Mr Lawrence Tan Xu Wen, 39, never fails to raise eyebrows when he says
it. He would have you know that his ancestor was philanthropist Tan
Tock Seng, 'a famous founder of Singapore, my dad told me'.
Mr Tan,
a sixth-generation descendant, is among 150 members of the Tan clan who
have gathered in Singapore to mark the 210th year of Tan Tock Seng's
birth.
Yesterday, 30 of them presented a copy of the Tan family
tree to the Peranakan Museum in Armenian Street. The document - with
1,368 names running in a scroll almost 19m long - is the result of
research into the family's genealogy done mainly by Mr Lawrence Tan and
Mr Roney Tan, a Singaporean.
Of the family members gathering
here, more than 30 are from overseas. Many have non-Peranakan and even
Caucasian spouses and now live in England, Australia, Hong Kong,
Thailand, Malaysia and the United States.
Mr Lawrence Tan's
Caucasian looks come from his father and grandfather's marriages to
Caucasian women. His 76-year-old retiree father Gerald Tan, who married
an Englishwoman, is himself the result of the union between his
Straits-born Peranakan father and a Scotswoman. He had fled Singapore
by boat as a boy in 1942, just as the Japanese landed in Singapore.
Mr
Lawrence Tan said: 'When you're a boy, the name 'Tan Tock Seng' doesn't
mean anything to you. He's just some old man.

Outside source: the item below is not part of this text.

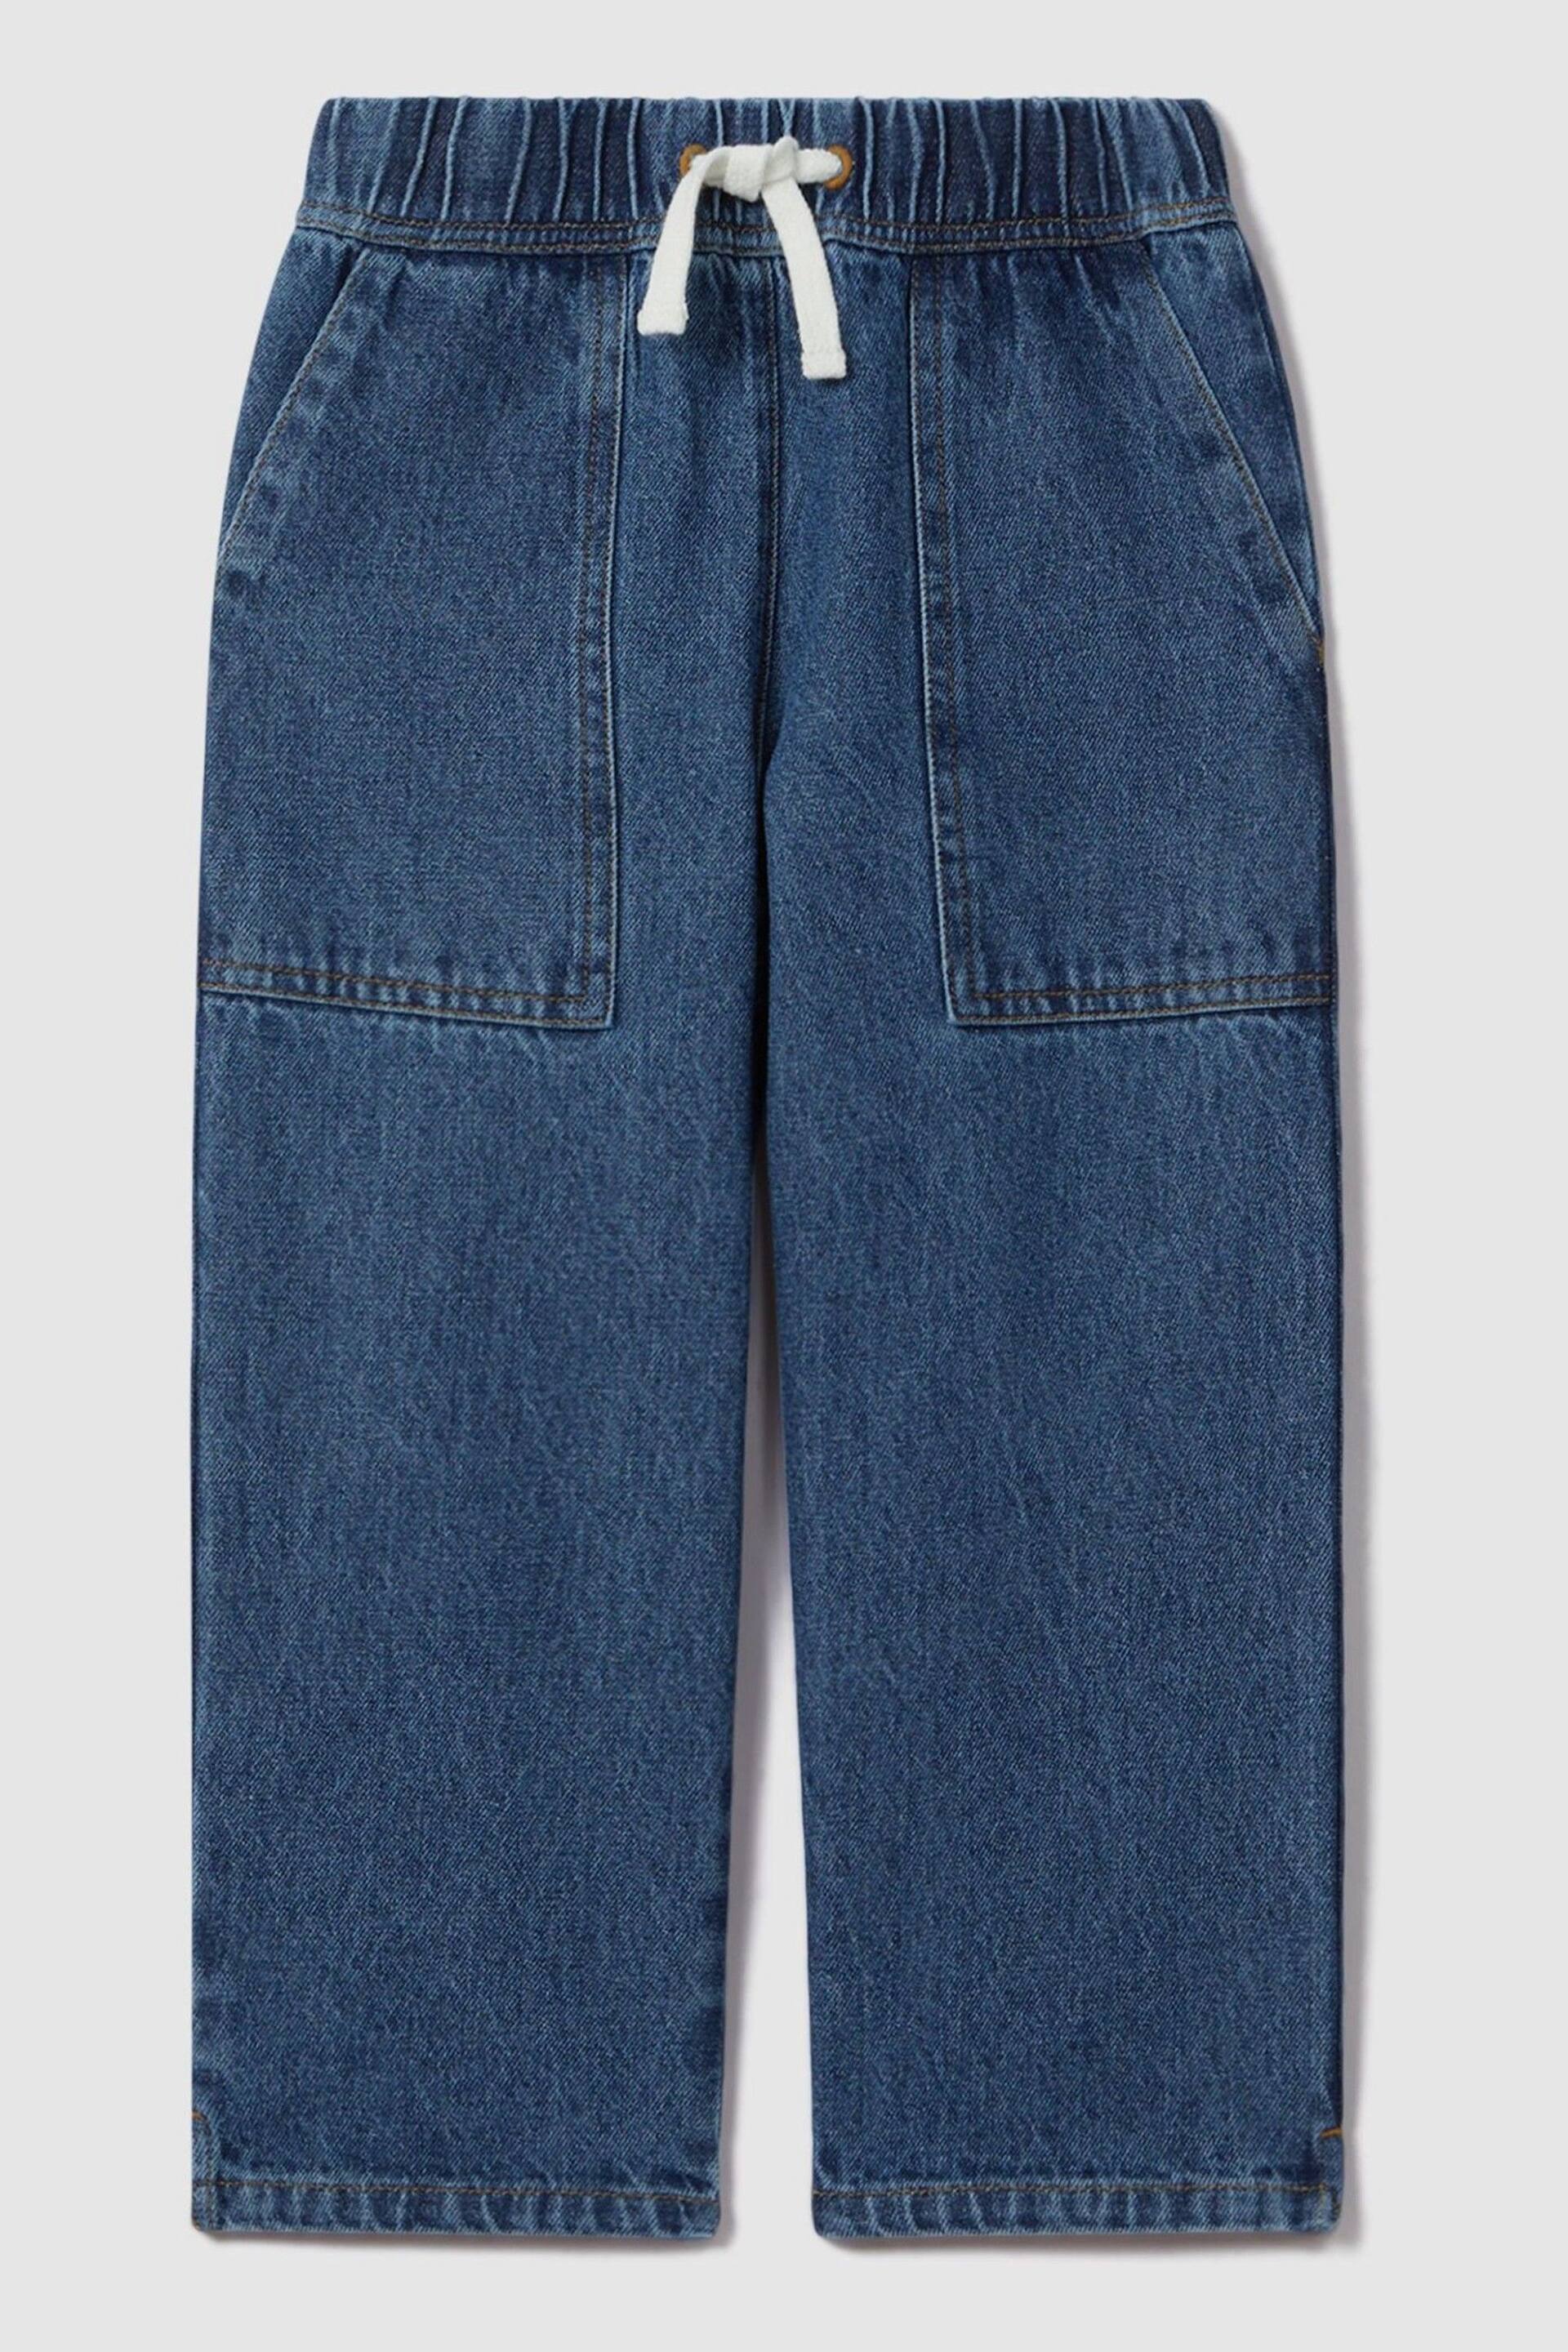 Reiss Blue Marloe Senior Drawstring Waist Straight Leg Jeans - Image 2 of 4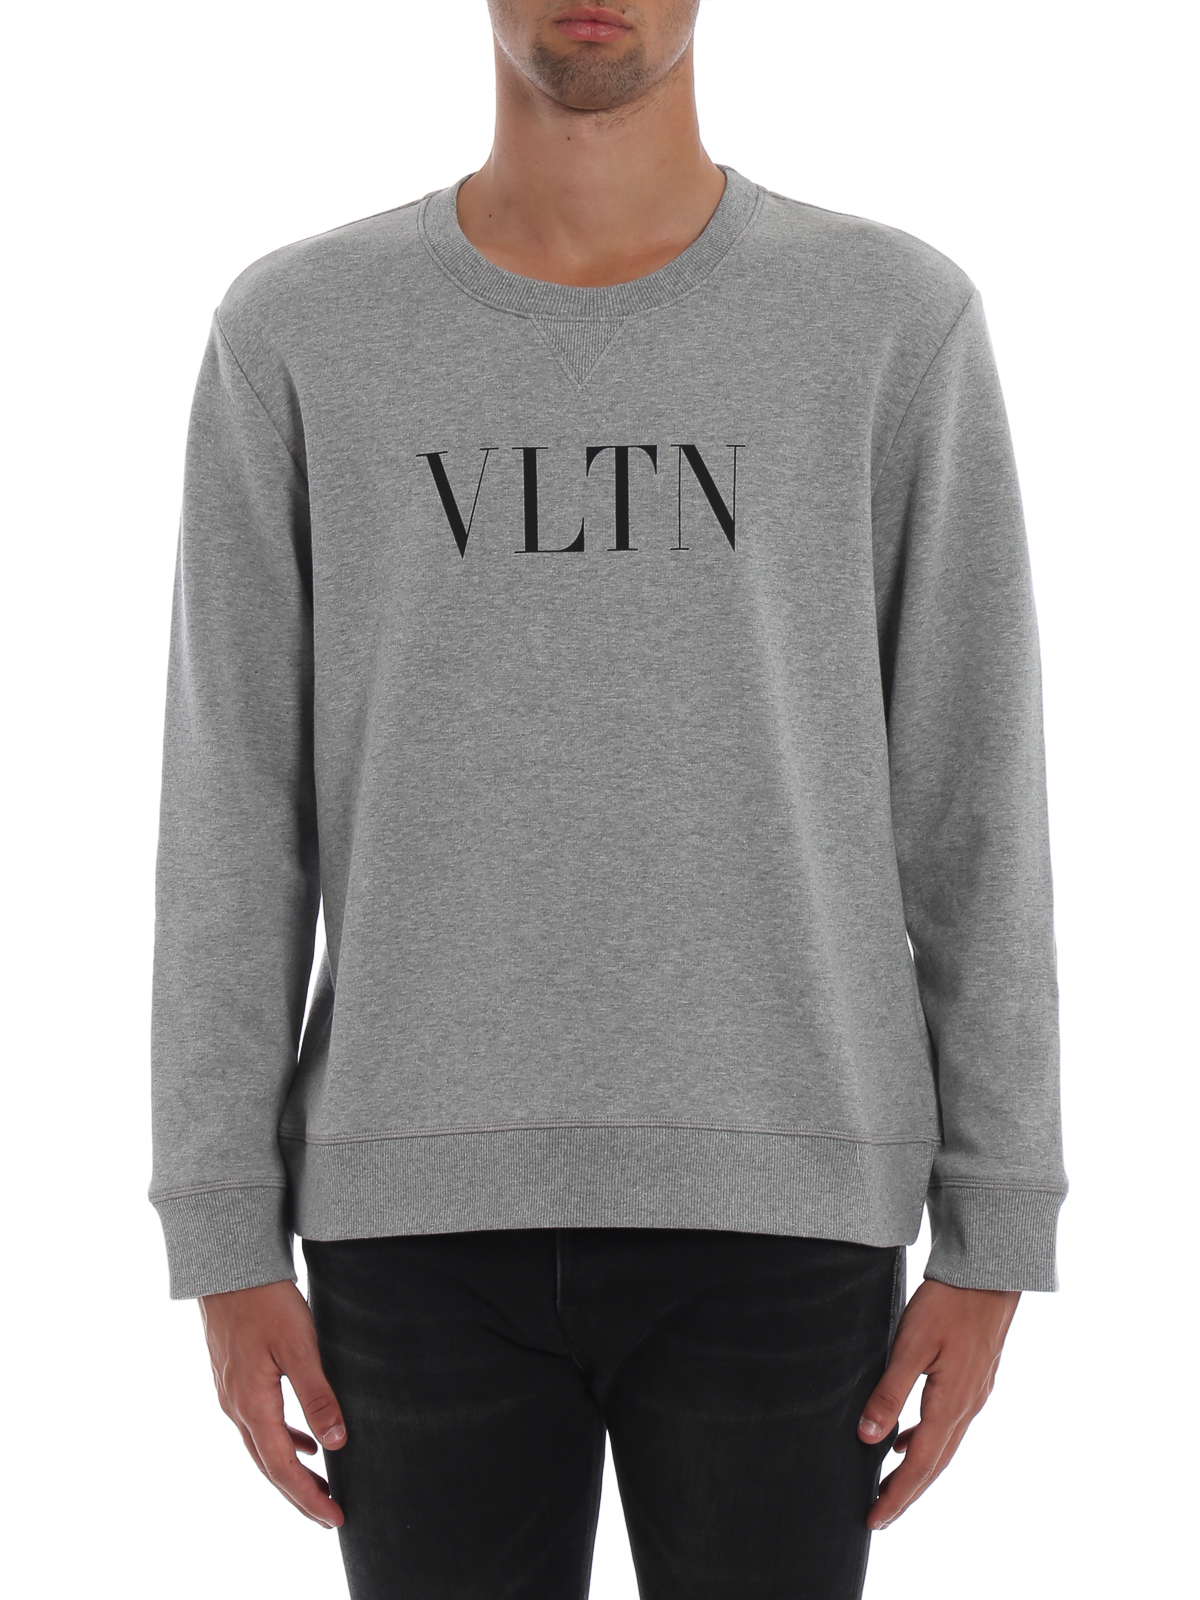 & Sweaters Valentino - VLTN melange jersey - QV3MF10G3TV080

But as you get older,
family becomes most important.'
Mr Gerald Tan passed down this
love of family to Lawrence, who became fascinated by his family's
genealogy when, 15 years ago, an aunt gave him a weathered photocopied
sheet listing 30 family members.
Mr Lawrence Tan now spends his
spare time hunting down more members of the clan to add to the family
tree. Six years ago in Singapore, he met Mr Roney Tan, a
fifth-generation descendant, who helped him fill in several blanks.
Along
with the family tree, the clan also lent the Peranakan Museum a rare
painting of Tan Tock Seng and a photograph of one of his
great-grandsons, Boo Liat.
Tan Tock Seng, a Malacca-born
businessman best known for donating $5,000 in 1844 to start the
hospital that today bears his name, gave money to bury the destitute as
well. He also gave money to start the Thian Hock Keng Temple in Telok
Ayer. He fathered three boys and four girls and was 52 when he died in
1850.
Mr Roney Tan, who organised the reunion, said the family
is still looking for more members of the clan. He estimates that 80 per
cent of them live in Singapore, another 15 per cent in Malacca and 5
per cent elsewhere.
The family gathering, the second after the
first one three years ago, opened last Saturday with a dinner, followed
by a trip to Malacca this week by some of them.
The merrymaking
continued last night at the Penny Black pub in Boat Quay - formerly a
shophouse owned by a son of Tan Tock Seng. The family will attend the
Founder's Day celebrations at Tan Tock Seng Hospital today.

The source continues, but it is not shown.